Applebee’s earned about $1 billion in off-premises sales in 2021. Of the roughly 27 percent mix, 14 percent is carside and 13 percent is delivery.
“We believe in digital, and most of our off-premises orders come to us digitally,” Cywinski says. “Candidly, we have phenomenal team members, servers, bartenders, kitchen cooks, but the core competency isn’t answering the telephone and taking orders. That’s not really what we want them doing. So we’re trying to convert all of our guests to order food to-go—whether it’s to-go or delivery—to do it through our call center or to do it online. Therefore, our team members of the restaurant can stay focused on executing what they do really well.”
In 2021, Applebee’s launched virtual concept Cosmic Wings to appeal to its Gen Z and millennial audience, which makes up about 52 percent of the customer base. The digital brand started on Uber Eats, but was forced to take a brief hiatus because it couldn’t gather enough wings from the supply chain to meet demand.
Cosmic Wings is back in full force and expanding to DoorDash, the largest of the third-party delivery providers. In April, it will be on Grubhub.
“At that point in time I’ll know with pretty good precision the size of Cosmic Wings’ opportunity, but it’s incremental, it’s targeted, it’s cool, and our guests love it,” Cywinski says.
Advancements are being made in the dining room, as well. Applebee’s is piloting three different POS systems for a full rollout in 2023. Cywinski says the brand should know which one it’s moving forward with by August. The technology currently in place is about 20 years old.
The updated system involves handheld tablets for servers as opposed to moving back and forth to a POS terminal. This gives waiters the ability to cover more tables and earn more in wages. Applebee’s will pay for the infrastructure while franchisees cover the actual hardware, ongoing maintenance, and licensing fee.
The new technology will play a key role in recruitment, which already appears to be going well for Applebee’s. The chain held a National Hiring Day in February and received close to 60,000 applications, a notable increase from last year’s 40,000. This time around, the chain didn’t need as many workers, meaning restaurants could be more selective.
“Many of our team members grow up with the Applebee’s brand,” Cywinski says. “They really do. It’s part of the community, part of the neighborhood. Our brand positioning is familiar and inviting and welcoming and come as you are.

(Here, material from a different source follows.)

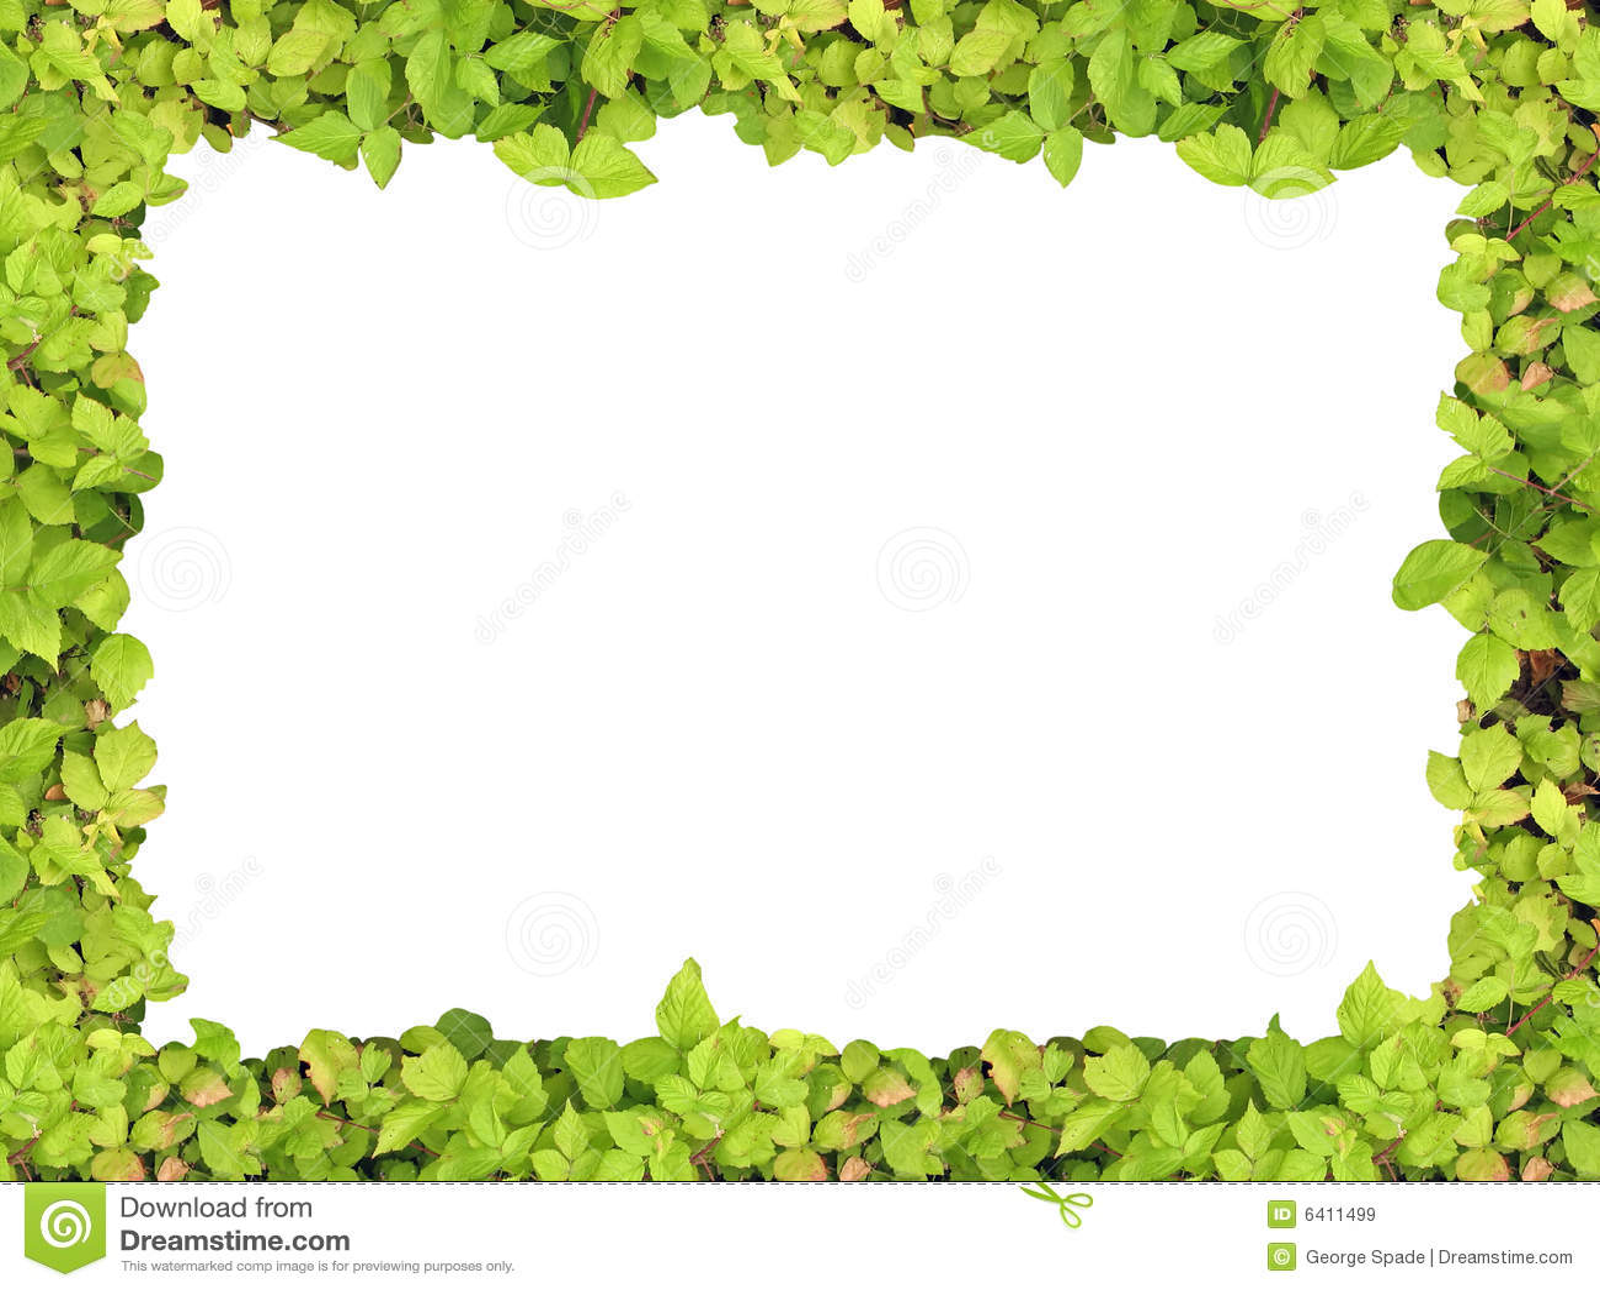 Vegetable garden border clipart vegetable garden border - Vegetable Garden Border Clipart

We’re not a pretentious brand. I think that applies to team members, as well. They find us to be a natural opportunity for employment, and we are visible. Our marketing is pretty cool and our music is fun and we make people hungry. So more than an attractive employer, and I think that’s evident.”

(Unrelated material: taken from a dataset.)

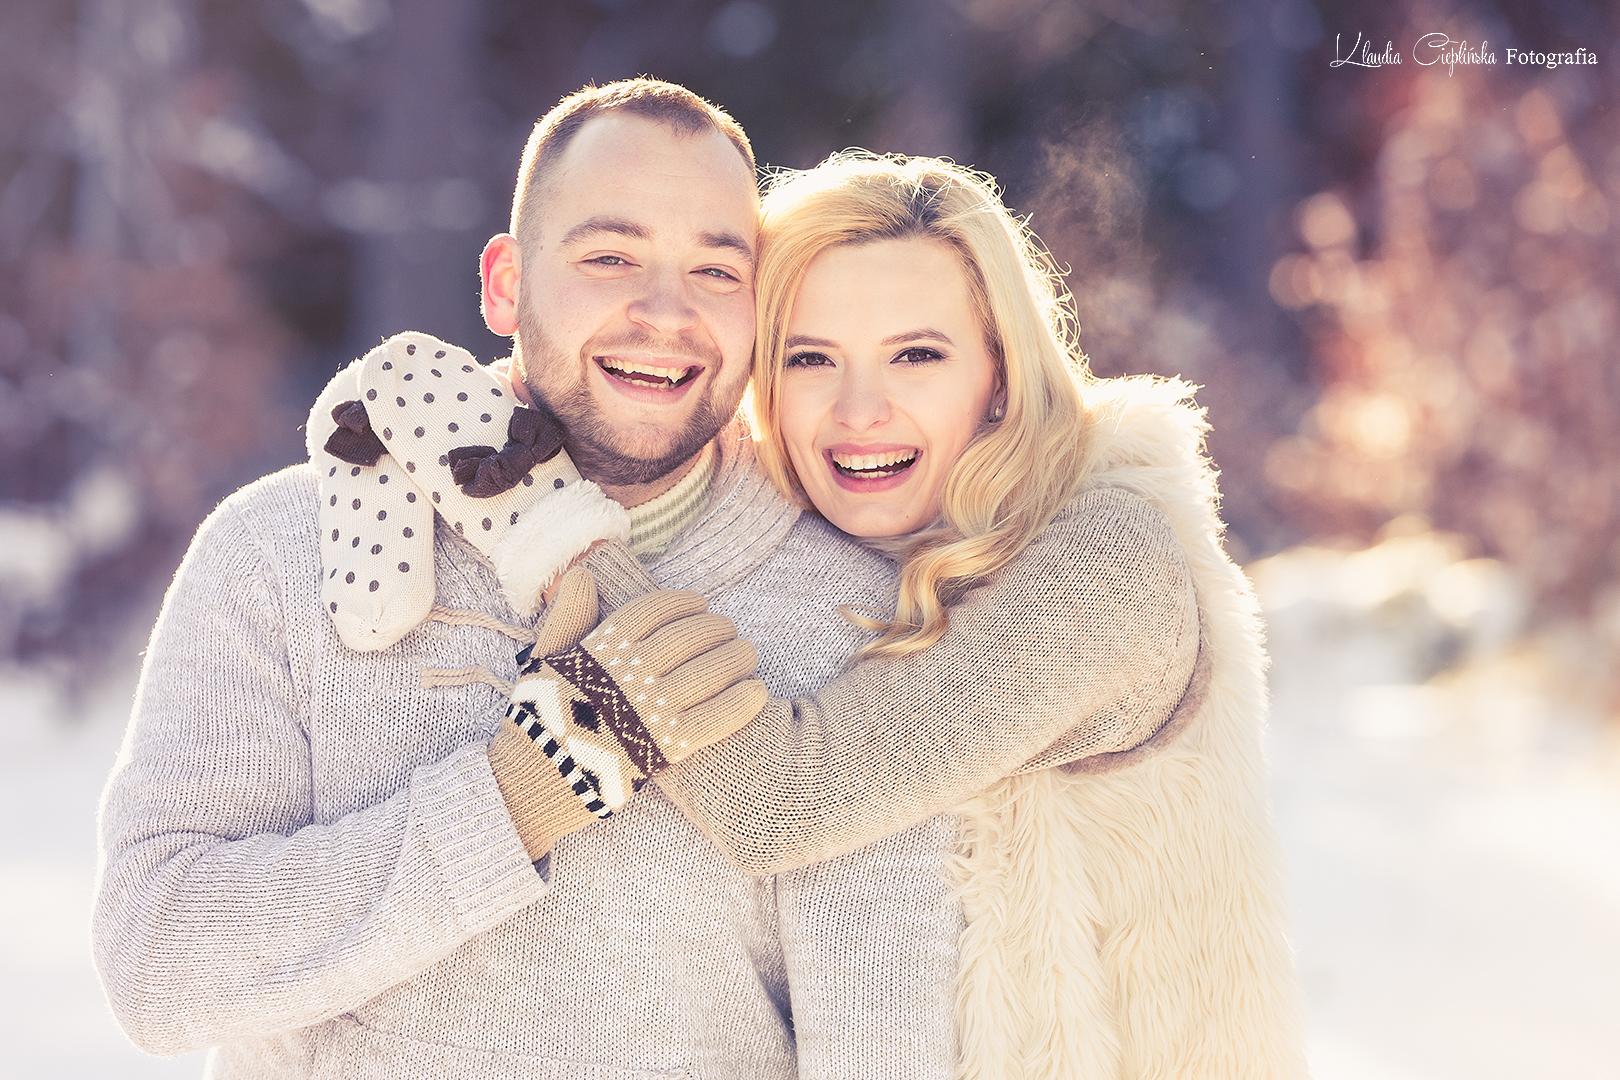 Zimowa sesja plenerowa w Karkonoszach. Profesjonalne sesje zdjęciowe, zdjęcia artystyczne, sesje narzeczeńskie, portretowe, rodzinne.

All the pieces are coming together for a major growth turnaround, Cywinksi says. Any closures moving forward will be 1 percent attrition, and Applebee’s is in position to capture the opportunity of more than 100,000 restaurants closing throughout COVID.
The development team has cherrypicked and identified areas across the country that represent high AUV, and franchisees are aware of the same analytics. Applebee’s will come close to net unit growth in 2022, and plans to eclipse that barrier in 2023. After that, the number of openings will continue to escalate.
“2021 represents the culmination of our strategic brand optimization work over the past several years,” Cywinski says. “As expected, 2021 provides us the opportunity to really unlock Applebee’s full potential, providing a glimpse as to what’s possible moving forward. I’m proud of our team, and I’m very proud of our franchise partners. I mean, Applebee’s is now exceeding, well-positioned to flourish on a sustained basis.”